Exercise. Your answer must be an exact copy of the data below, minus any pictures.

──────── Data shown ────────

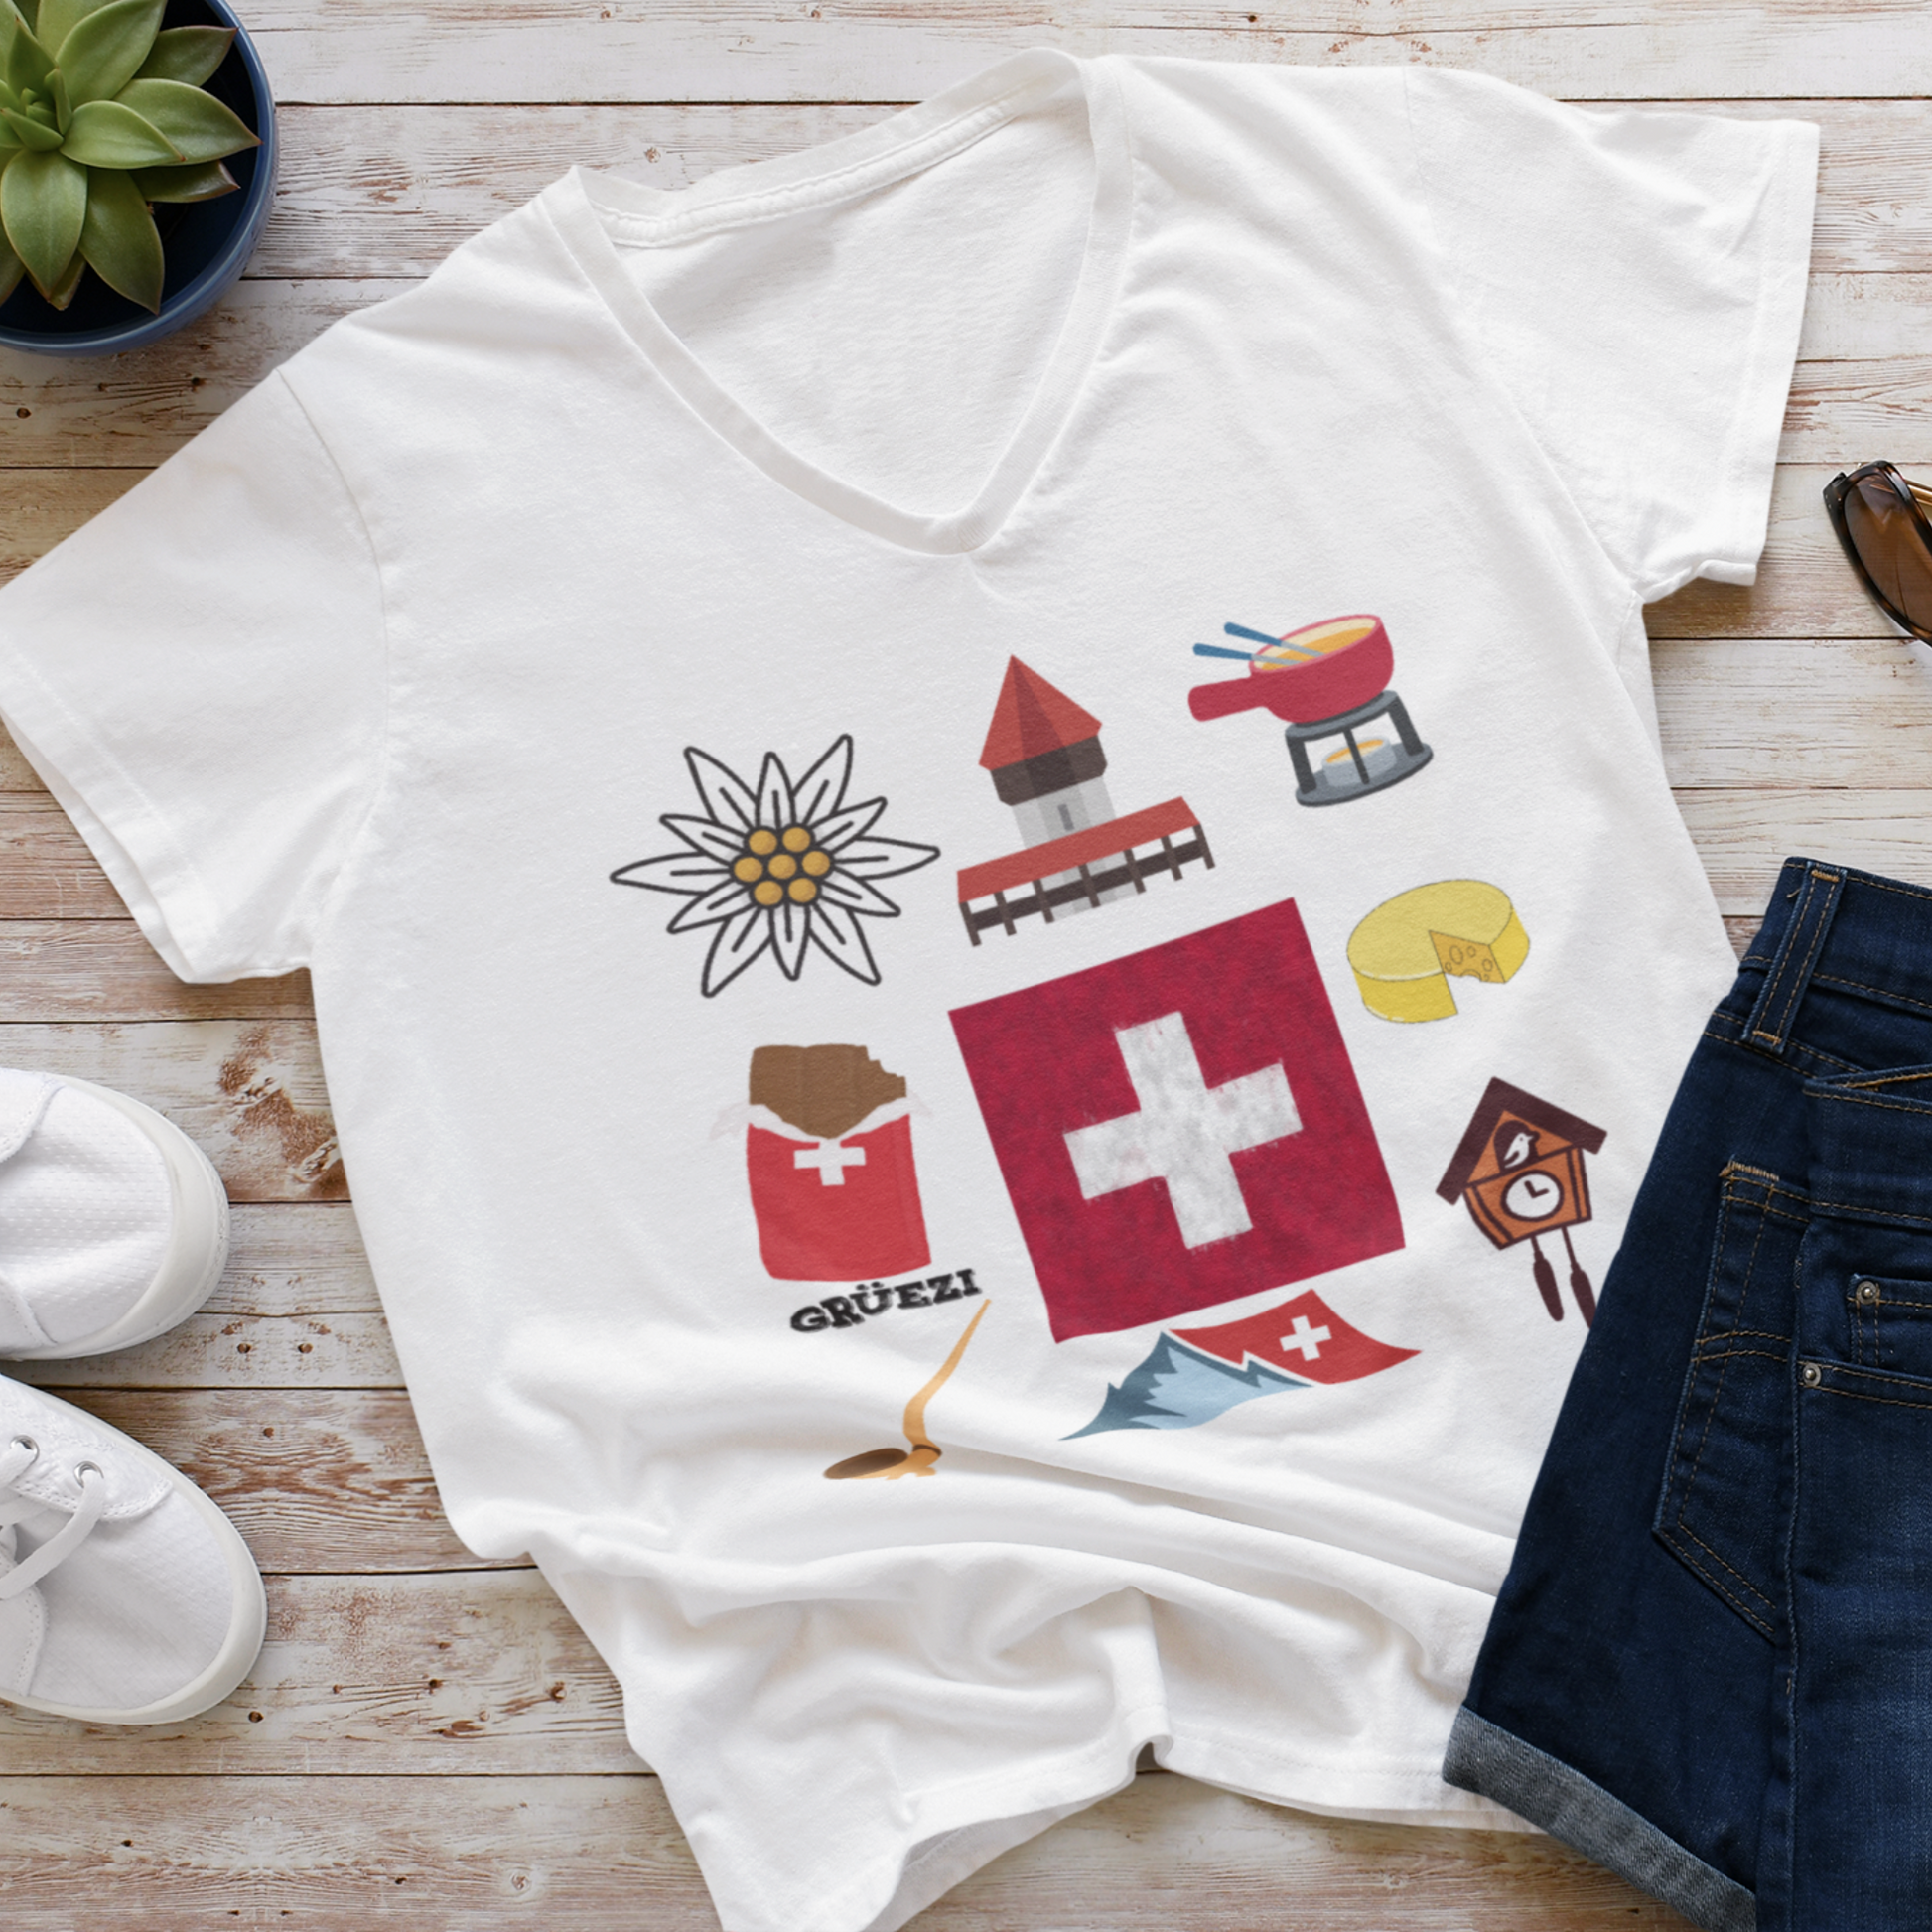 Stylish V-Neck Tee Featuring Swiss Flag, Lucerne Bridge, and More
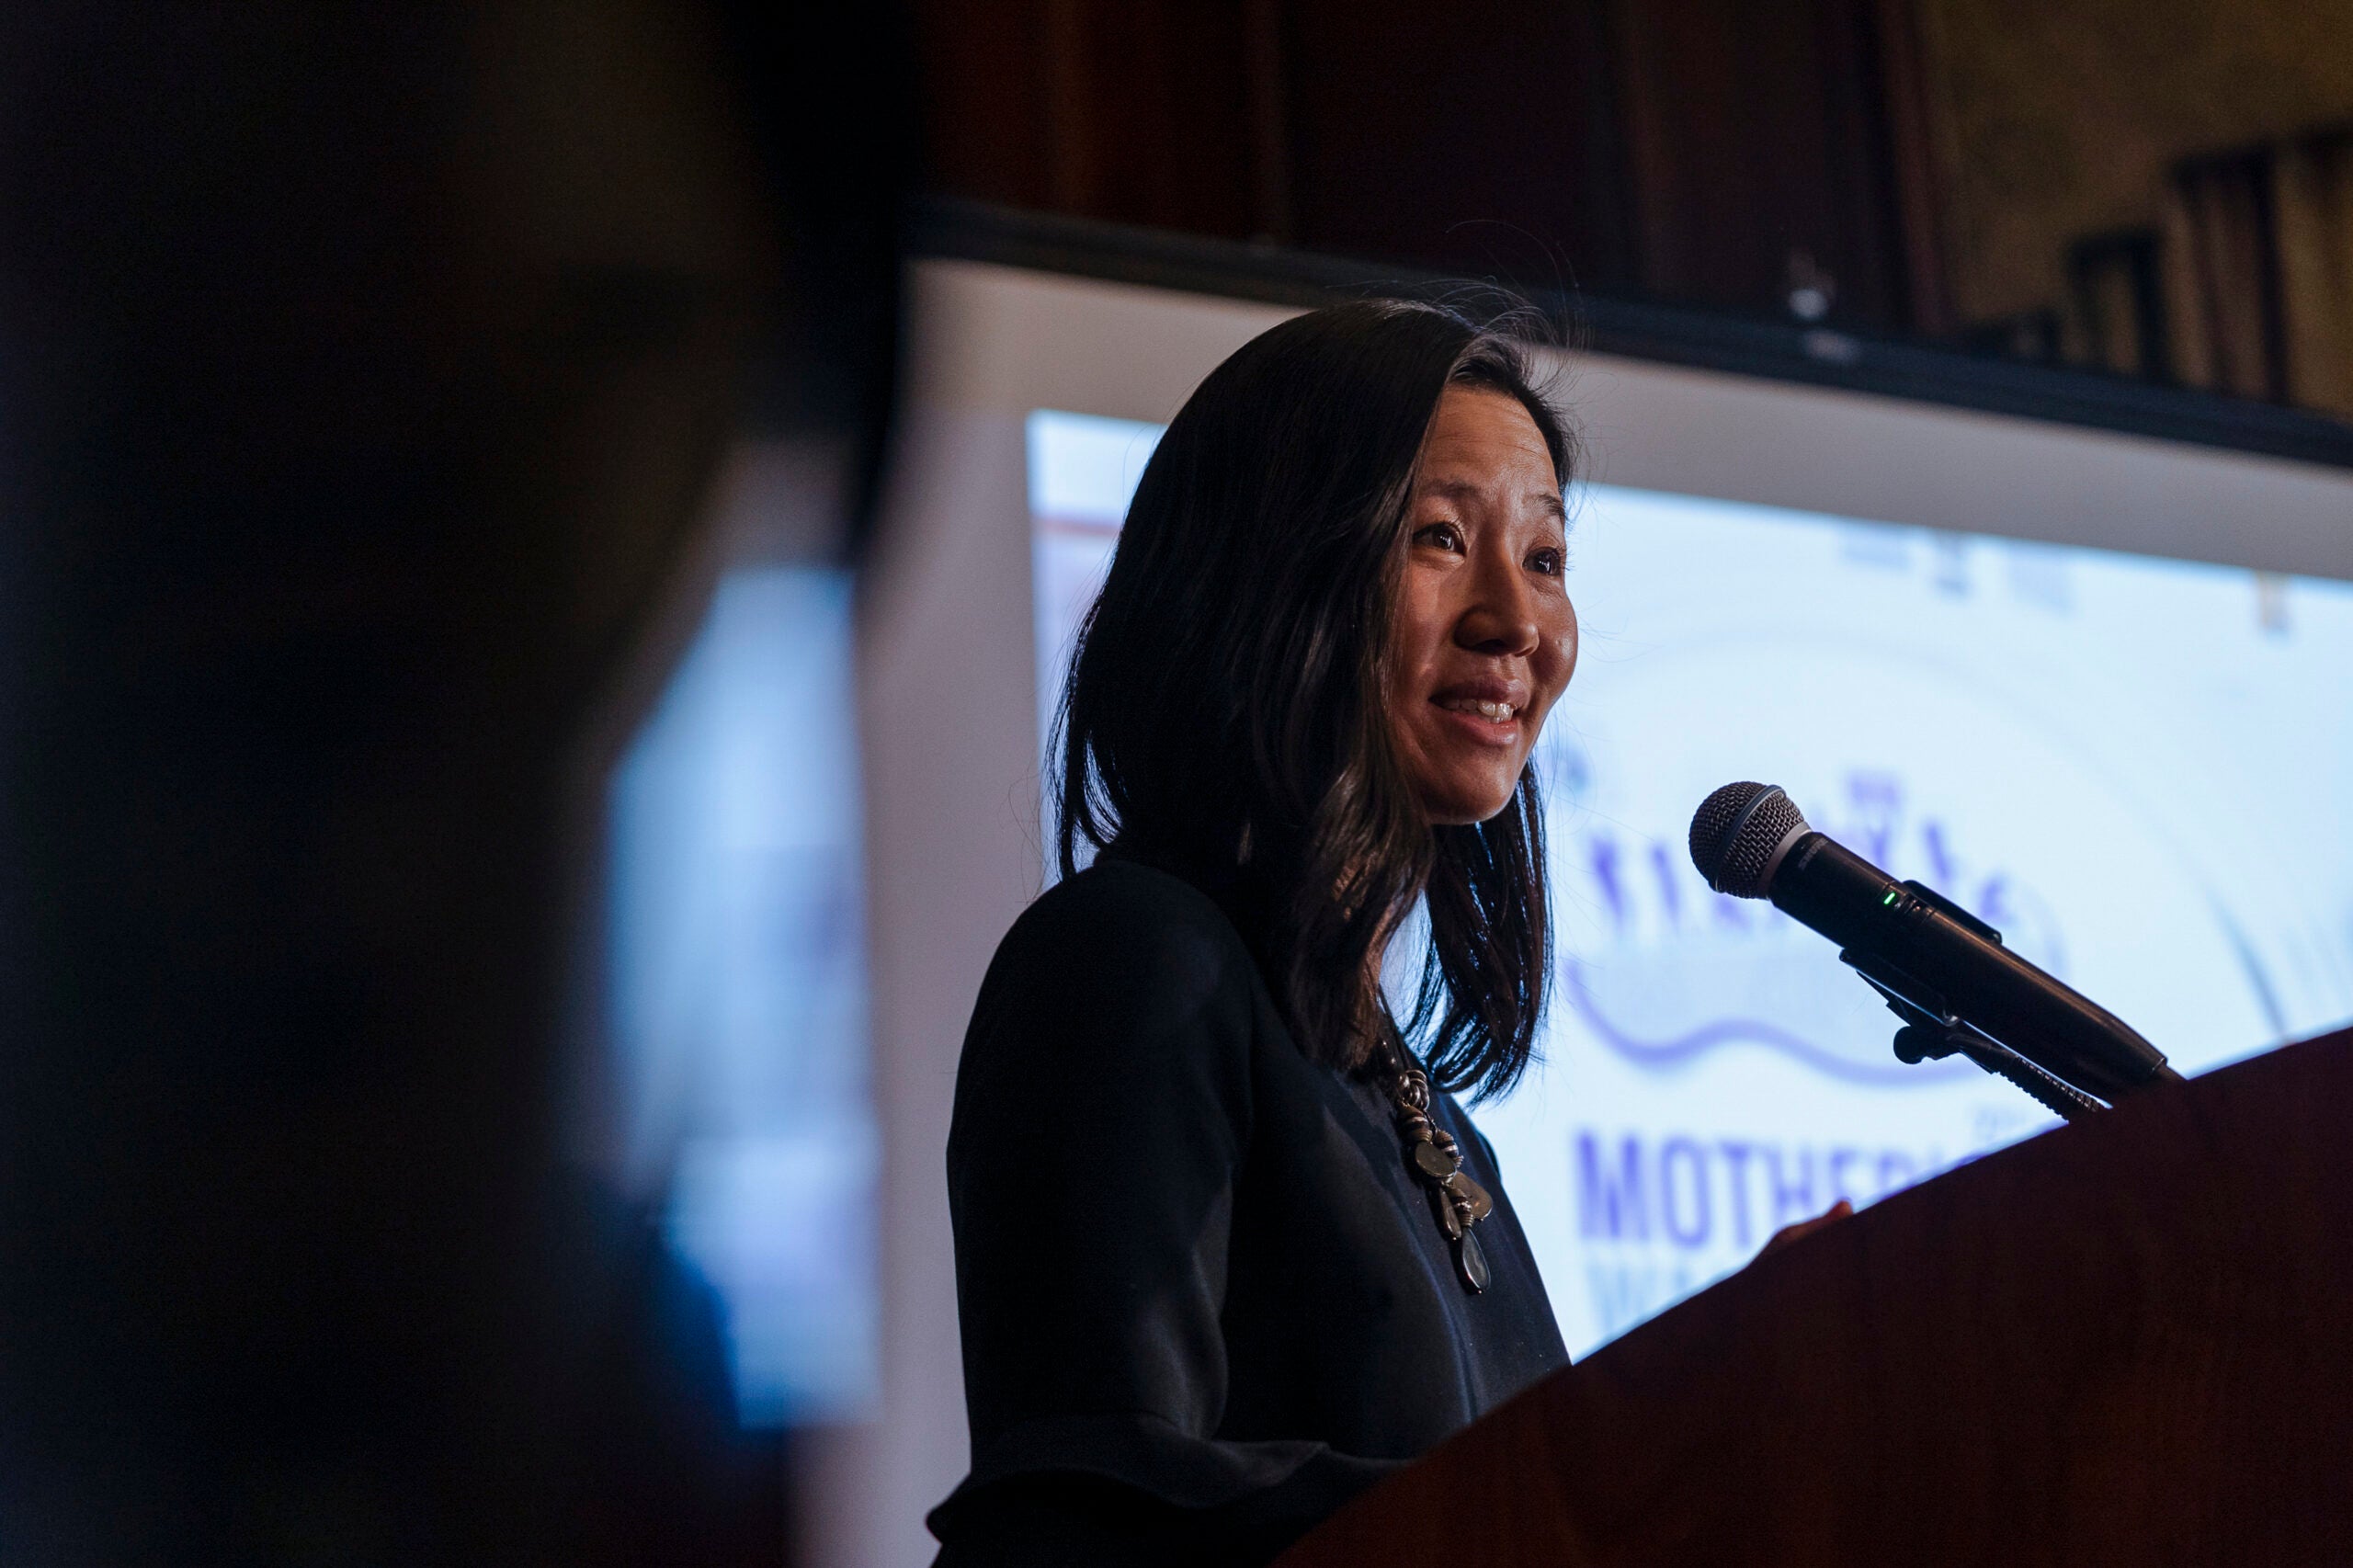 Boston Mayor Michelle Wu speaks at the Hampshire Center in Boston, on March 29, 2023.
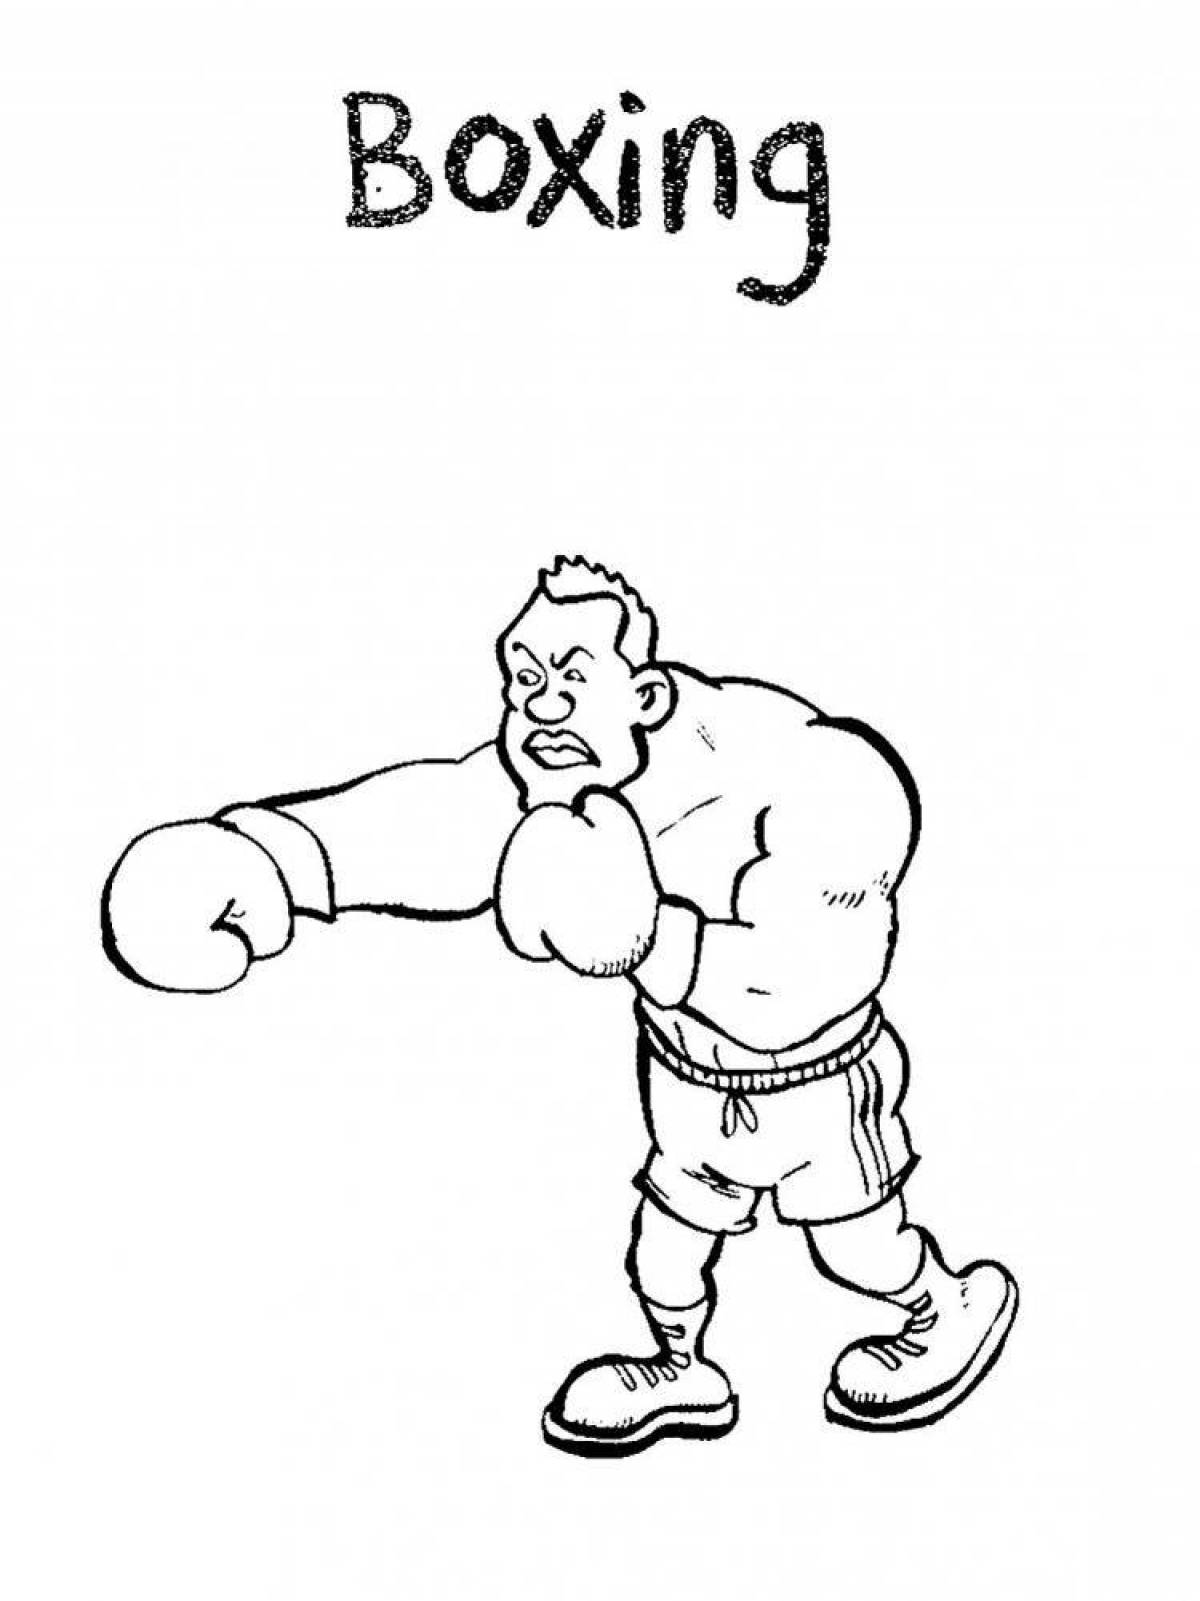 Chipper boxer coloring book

────────

Result of this task.
 Stylish V-Neck Tee Featuring Swiss Flag, Lucerne Bridge, and More
 Boston Mayor Michelle Wu speaks at the Hampshire Center in Boston, on March 29, 2023.
 Chipper boxer coloring book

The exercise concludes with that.